La postura de Occidente durante todo este proceso ha sido principalmente arrogante, no hay otra forma de describirla. Siempre dudando y criticando cada paso del proceso, ha intentado demeritar y poner en duda la contundencia de la realidad de los logros de la República Popular China. Incluso hoy en día, Estados Unidos claramente está esforzándose por sabotear el desarrollo del país asiático por todos los medios posibles, mientras se continúa con el discurso que nos invita a enfocarnos más en los problemas, diferencias y retos que todavía siguen pendientes por superar en China, que en reconocer lo que ha hecho bien.

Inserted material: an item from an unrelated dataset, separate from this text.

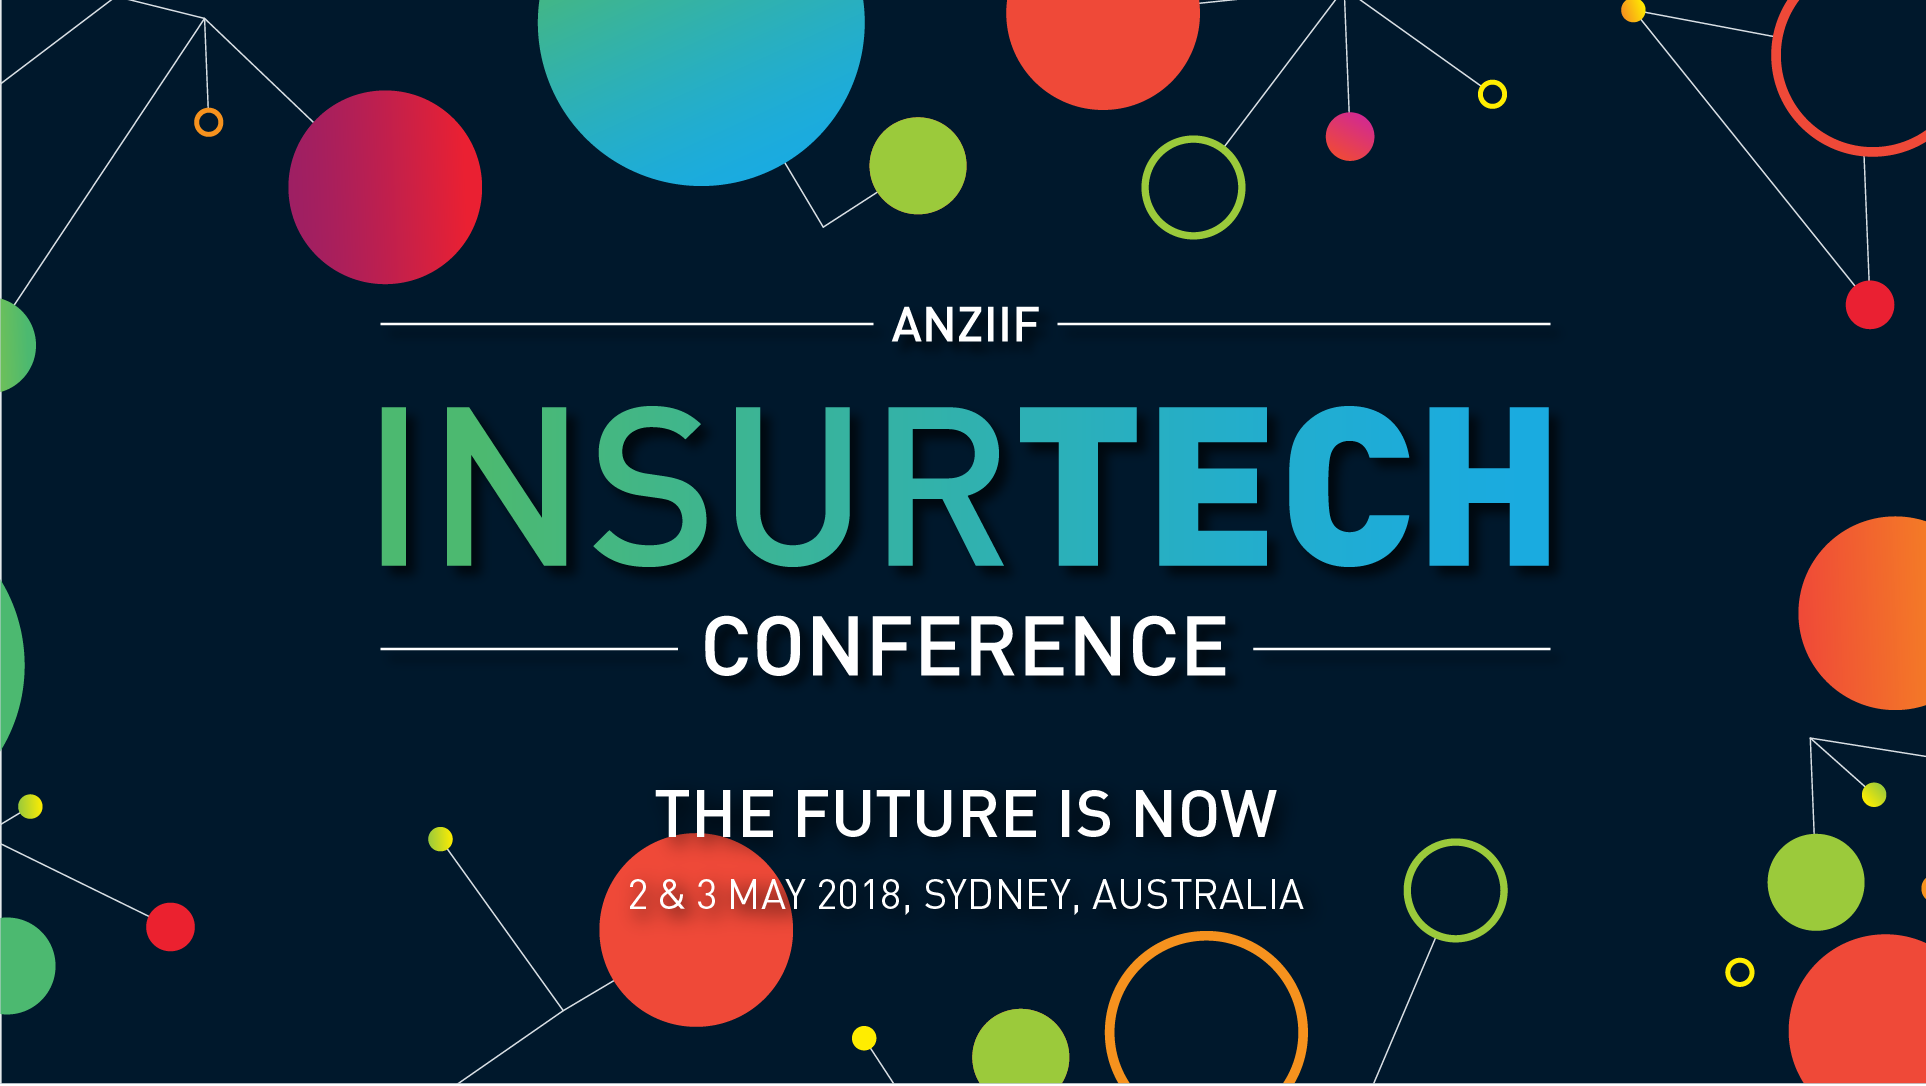 Insurtech Conference with ANZIIF and Insurtech Australia

Esto no es casual, pues la paradoja del crecimiento de China es que no es algo peligroso para el sistema internacional, sino que pone en evidencia que el derecho y el destino del desarrollo no es la motivación real de los países desarrollados y su plataforma de instituciones internacionales.
Dicho de forma más directa, pone en evidencia que, en el sistema hegemónico liderado por Estados Unidos, el desarrollo solo es un derecho siempre y cuando no ponga en peligro el statu quo, de manera que el destino no es el desarrollo de los países, sino la conservación de la supremacía del poder de los países desarrollados. En este contexto, el desarrollo de China es entendido por estos países como un peligro para su hegemonía, pero quieren convencernos de que es un peligro para todos, cuando en realidad es todo lo contrario.
China y el mundo
En la medida que el modelo de desarrollo de China se consolida va evolucionando, haciendo evidentes no solo el éxito de los diferentes mecanismos para lograrlo, sino también las particularidades en términos del concepto de desarrollo, de la importancia del compromiso del Gobierno con la garantía del bienestar de la población asegurando sus derechos materiales, la transición del crecimiento económico al desarrollo sostenible y cómo se entiende la relación con el mundo, por nombrar algunas.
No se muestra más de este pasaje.